Friday, December 16, 2016

From the Archives: Library of Congress collects pornographic films, violent video games

Publisher's note: This article was originally published on on November 4, 2011. The publishing platform was discontinued July 1, 2016, and its web site went dark on or about July 10, 2016. I am republishing this piece in an effort to preserve it and all my other contributions to since April 6, 2010. It is reposted here without most of the internal links that were in the original.

Library of Congress collects pornographic films, violent video games

“There are pornographic films in the Library of Congress,” stated Gregory A. Lukow, chief of the Library’s Motion Picture, Broadcasting and Recorded Sound (MBRS) Division, in response to a question posed to him at the Virginia Film Festival in Charlottesville.

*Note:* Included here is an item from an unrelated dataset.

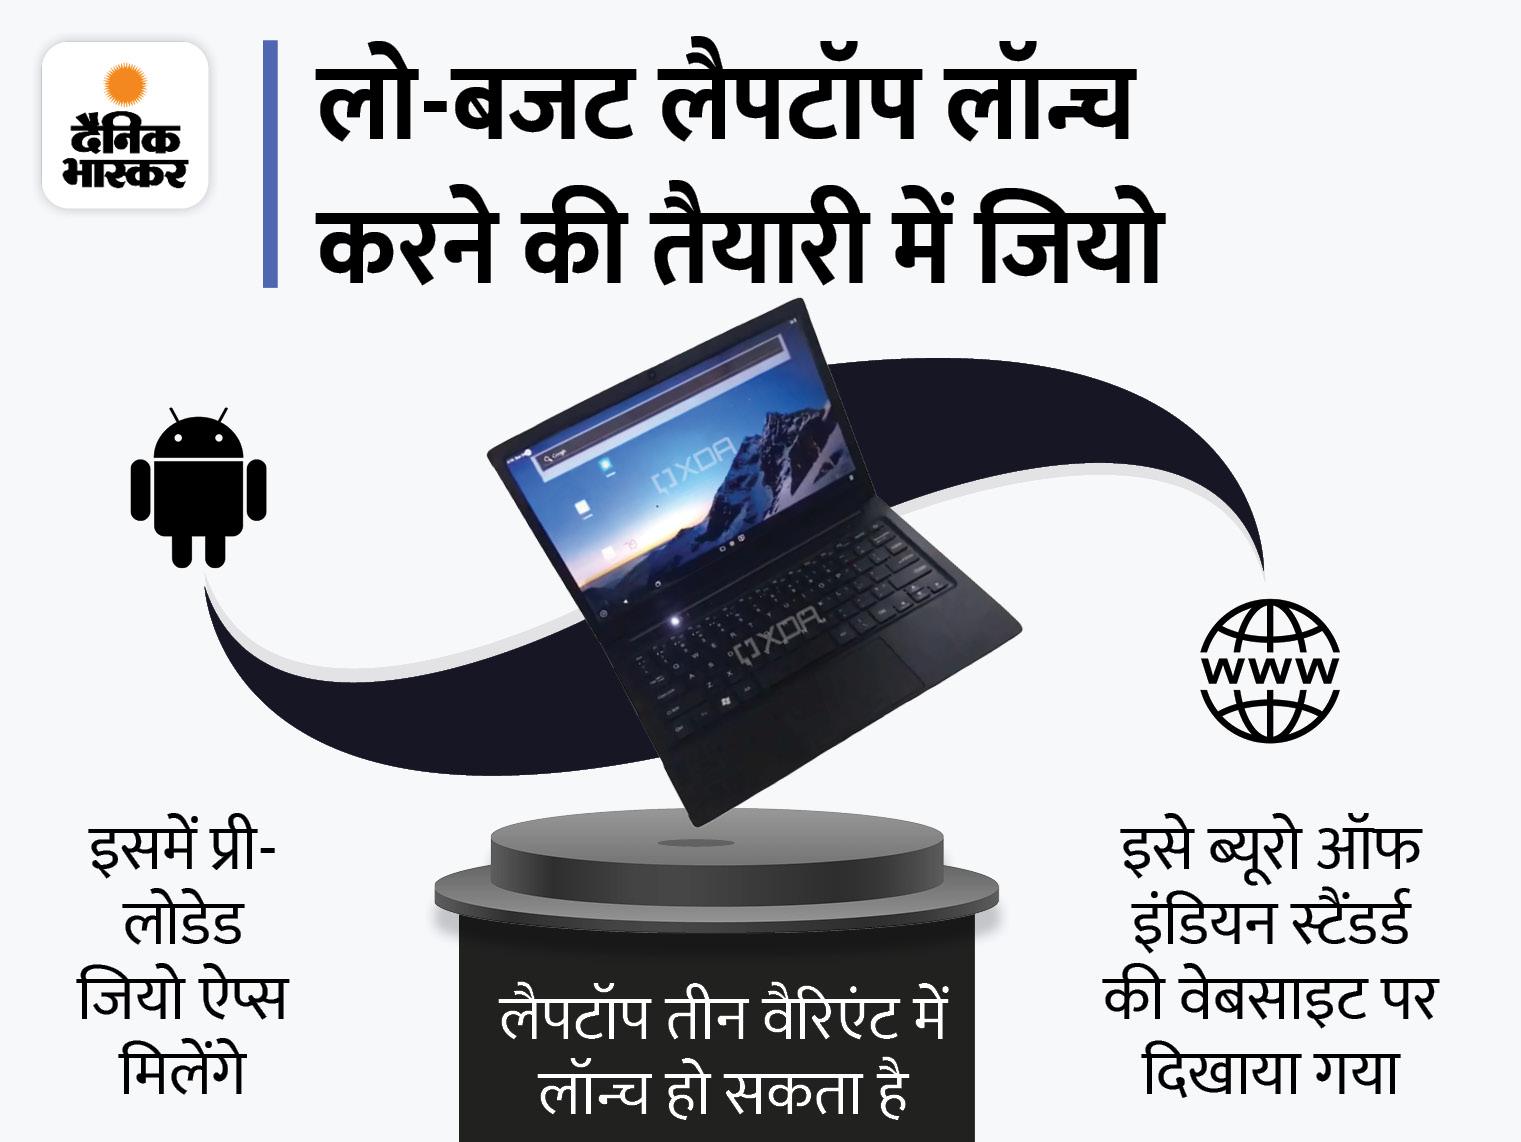 जियोOs और 4G कनेक्टिविटी से होगा लैस, तीन वैरिएंट में हो सकता है लॉन्च|टेक & ऑटो,Tech & Auto - Dainik Bhaskar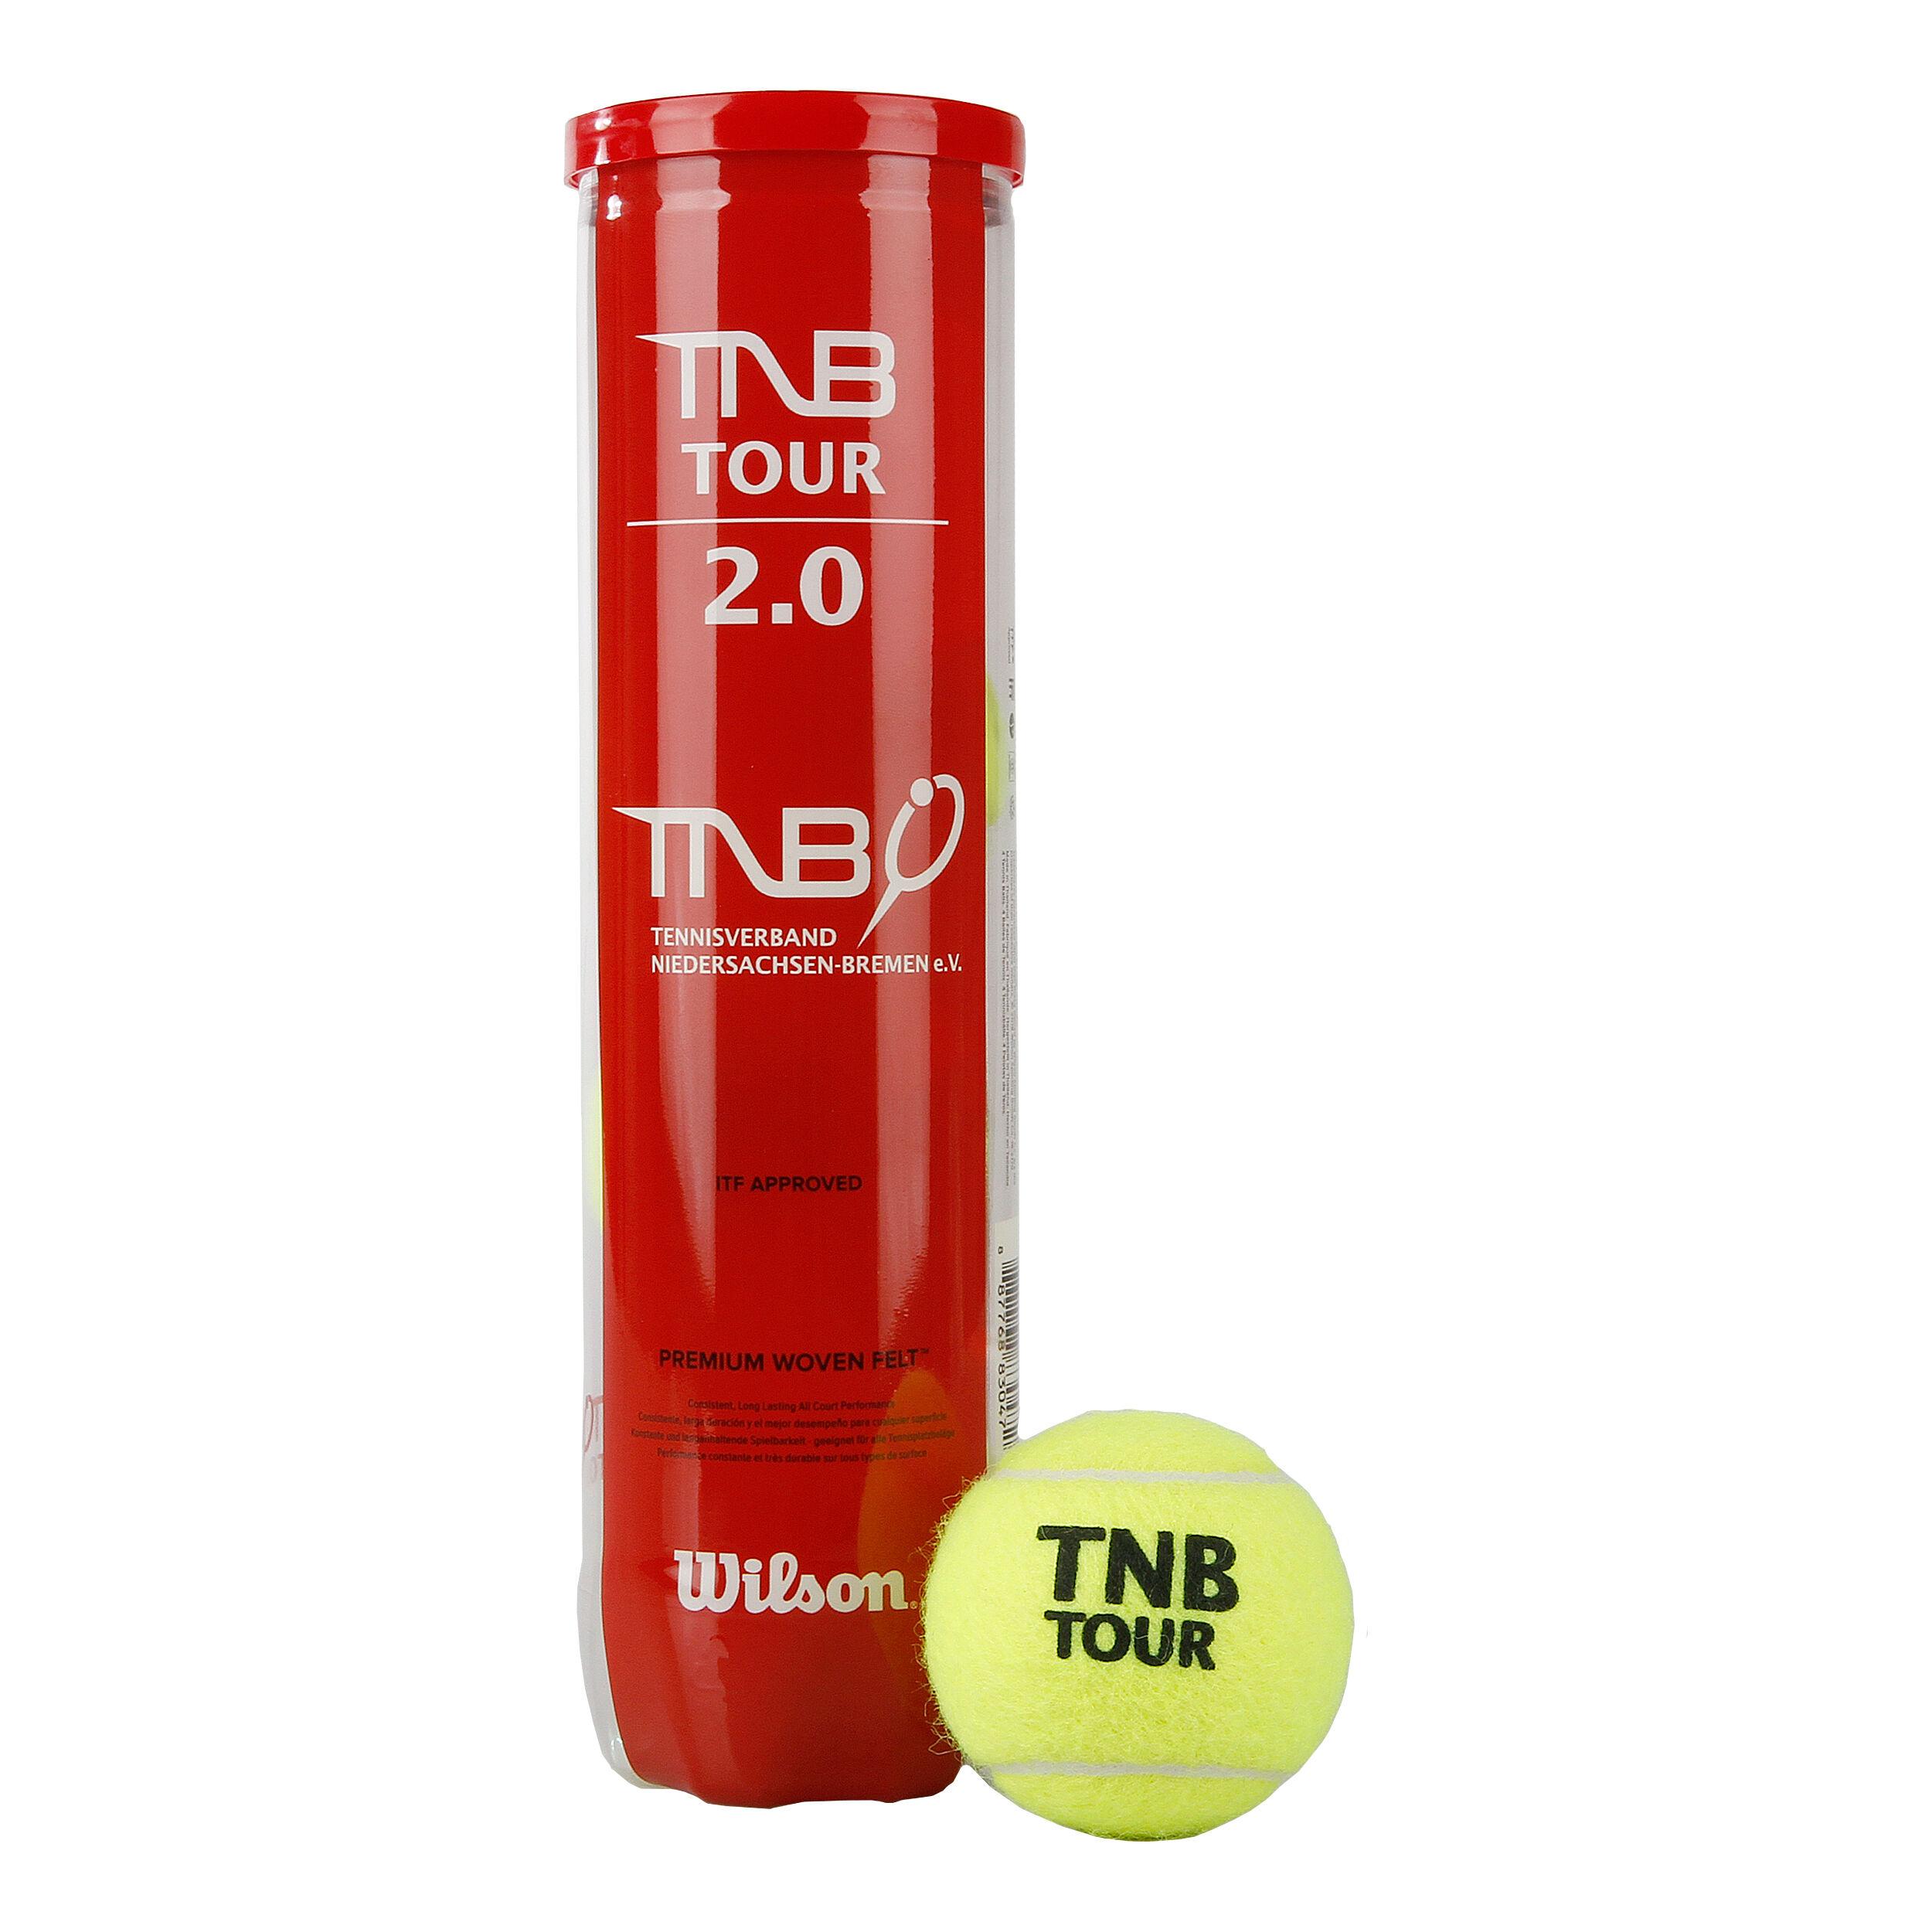 TNB Tour 2.0

In fact, X-rated videos are in the Library’s collection at the insistence of Congress itself.

Lukow revealed the Library's responsibility to collect erotic movies after a November 3rd screening of a new documentary film about the National Film Registry and the Library’s film preservation efforts called These Amazing Shadows.

He was fielding questions with his colleague, George Willeman, head of the Nitrate Film Vaults at the National Audio-Visual Conservation Center’s Packard Campus in Culpeper, Virginia, just about 45 miles north of Charlottesville on U.S. Route 29.

'No laughing matter'

During the Q&A session, a woman in the audience asked, “Do you have X-rated films, like Behind the Green Door, which is really a classic depiction of what our society is?”

The short answer, Lukow said, was “Yes.”

The reason there are X-rated films in the Library of Congress, he explained, is that the institution aims to be a “comprehensive collection of [the] world’s knowledge and America’s creativity,” which elicited laughter from the audience.

More laughter followed when Lukow said, “This is always the punchline: We are the Library of Congress,” putting emphasis on the word “Congress.”

“That’s no laughing matter,” he said in response to the chuckles, pointing out that, “in the 1970s, Congress was intensely interested in pornography,” which led to the Library’s collecting examples of the genre for use by congressional committees looking into obscene materials.

Not just Pac-Man

In more recent years, too, the Library of Congress has collected video games.

“We collect video games fairly comprehensively now at the Packard Campus,” Lukow said, noting that “for many years before we took over the selection responsibility, the Library collected two kinds of video games: those that were educational for young children and the most violent, because (it was felt) that’s what Congress would be most interested in.”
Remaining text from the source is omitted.